День, когда я не работаю, я воспринимаю как потерянный.
В этом смысле снимать кино для меня — все равно, что любить.
Самые счастливые моменты моей жизни связаны со съемками. Хотя они занимают меня всего, поглощают все мое время, мысли, энергию, я тогда чувствую себя свободнее, чем в другие дни. Я и физически чувствую себя лучше — даже если совсем не сплю. То, что обычно доставляет мне удовольствие, доставляет его тогда много больше, потому что утончается восприятие. Еда становится вкуснее. Физическая близость острее.
Работая над фильмом, я живу полной жизнью. Это мой звездный час. На меня нисходит какая-то особая энергия, когда я могу играть все роли, участвовать во всем, что имеет отношение к фильму, и при этом не уставать. И как бы поздно ни закончились съемки, я не могу дождаться утра следующего дня.
Для кинорежиссера очень важно быть энергичным, исключительно энергичным. Я никогда не считал себя таким. Считал, что энергии-то мне и недостает, да и лени хватает. У меня никогда не было большой потребности в сне, да и спал я мало — только несколько часов ночью. Может, это оттого, что мой мозг постоянно работал.
В голове бродят мысли, не давая уснуть. Проспав несколько часов, я просыпаюсь и возвращаюсь к ним. Мой мозг всегда более активен по ночам. То ли это обусловлено ночной тишиной, когда ничто не отвлекает от дум, то ли внутренние часы отсчитывают во мне свое, отличное от других, время.
Во сне ко мне приходят лучшие мысли — возможно, оттого, что выражаются они скорее в образах, чем в словах. Проснувшись, я тороплюсь побыстрее зарисовать их, пока они не поблекли или не исчезли совсем. Потом они могут вернуться, но не всегда в первоначальном виде.
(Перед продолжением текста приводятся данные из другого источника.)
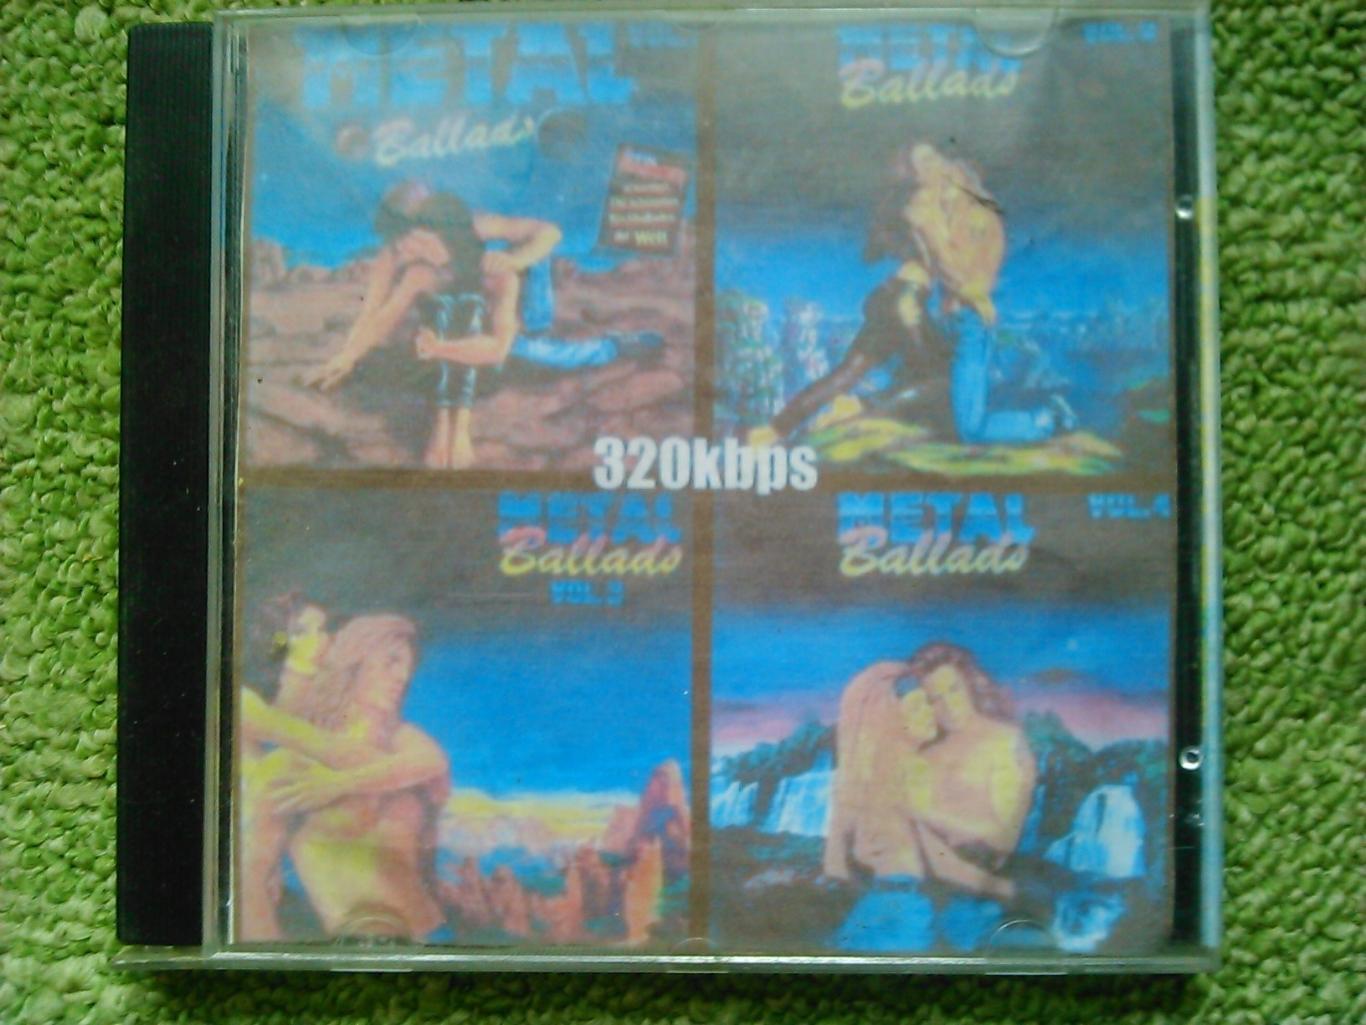 Аудио 2 CD METAL BALLADS vol 1-4 + Lee AARON. Оптом скидки до 46%!

То, что я не нуждаюсь в продолжительном сне, становится преимуществом, когда я работаю над фильмом. Я могу встать как угодно рано — неважно, когда я лег. При этом я стараюсь не упустить из виду, что не все устроены подобным образом и остальным занятым в фильме людям нужно иметь для отдыха достаточно свободного времени.
Во время работы над первым фильмом я беспокоился, хватит ли у меня физических сил, но теперь это меня больше не тревожит. Когда я работаю, в мою кровь выбрасывается уйма адреналина.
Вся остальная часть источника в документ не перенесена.